John Oliver and Last Week Tonight took a break on Sunday to honor Independence Day, our fireworks-heavy “annual American tradition of reminding the sky who runs shit.” But the crew still made time for an unconventional web-exclusive episode: Instead of devoting 15 minutes to one in-depth subject, Oliver took 15 topical “shallow dives” in one minute, firing off snap judgments and witticisms on everything from food to fashion.
Oliver takes cheap shots at banjos (“They’re just guitars whose parents are cousins”), flip-flops (“Clearly they are just lingerie for foot fetishists”), bagels (“Donuts that gave up on their dreams”) and ostriches (“Scary horse-birds. I don’t like them. Get away.”). He also vents his disdain for cinema subtitles (“No, thank you, subtitles. Stop trying to turn my movie into a book.”), points out a helpful similarity between food chains and orgies (“They’re only safe if you’re at the very top”) and blows his own mind with the revelatory tidbit that Al Roker and Lenny Kravitz are cousins.

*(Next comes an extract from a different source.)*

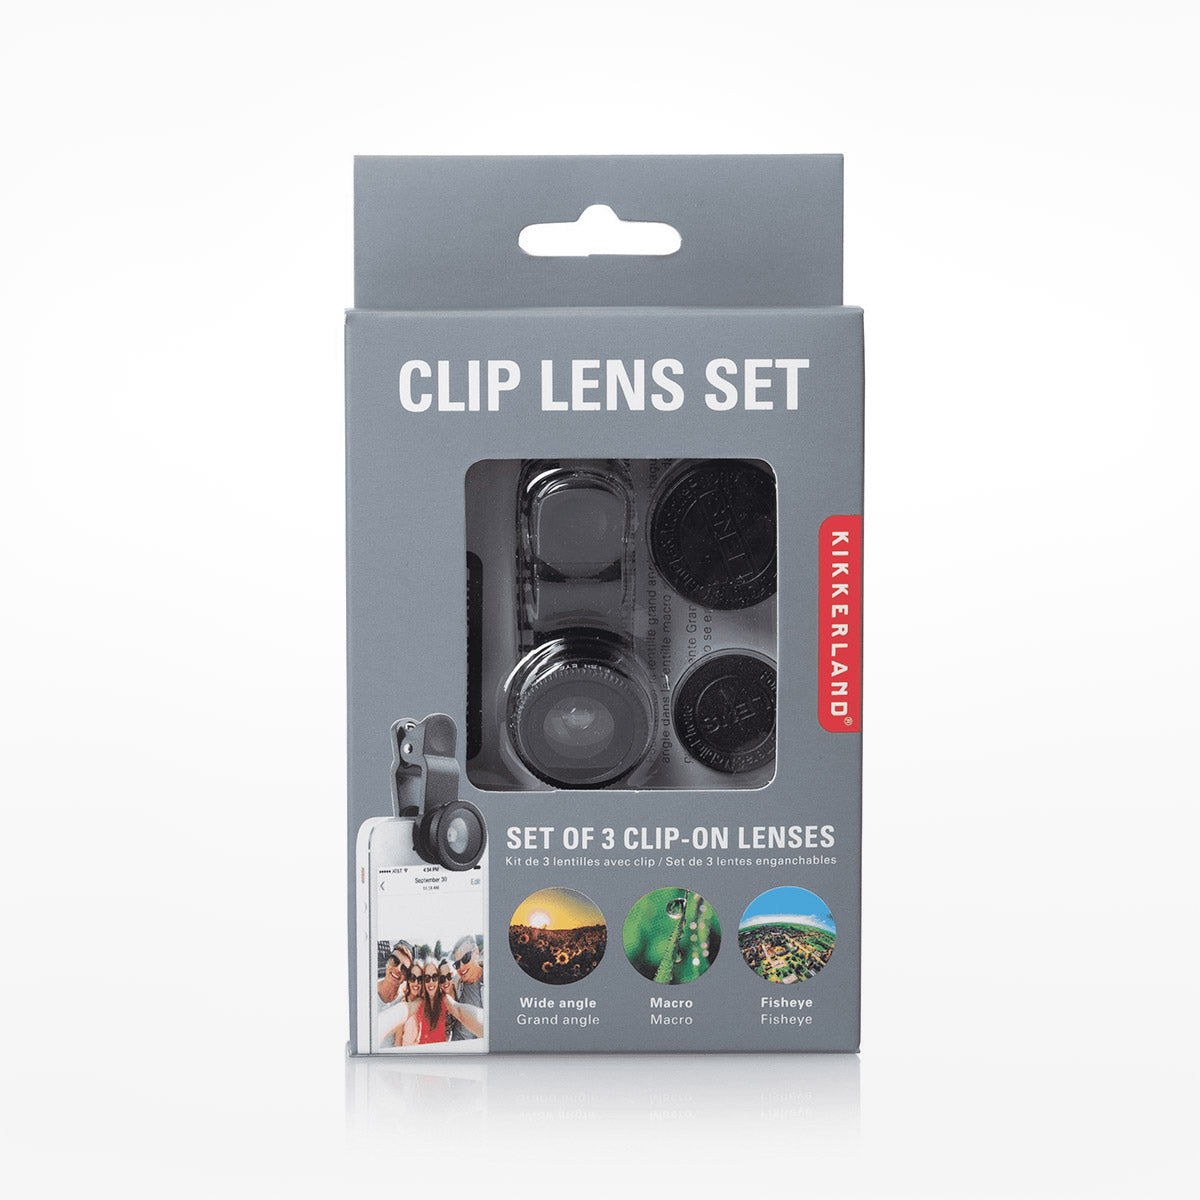 3-in-1 clip lens set

After all that random opinion-sharing, Oliver doesn’t have time to tackle more complex issues, like the Trans-Pacific Partnership. But no worries: Last Week Tonight will return with a new episode in its regular format on July 12th.
In recent weeks, the acclaimed HBO show has taken deep dives on issues like transgender rights, the Senate’s torture report, revenge porn and the South’s polarizing relationship with the Confederate flag.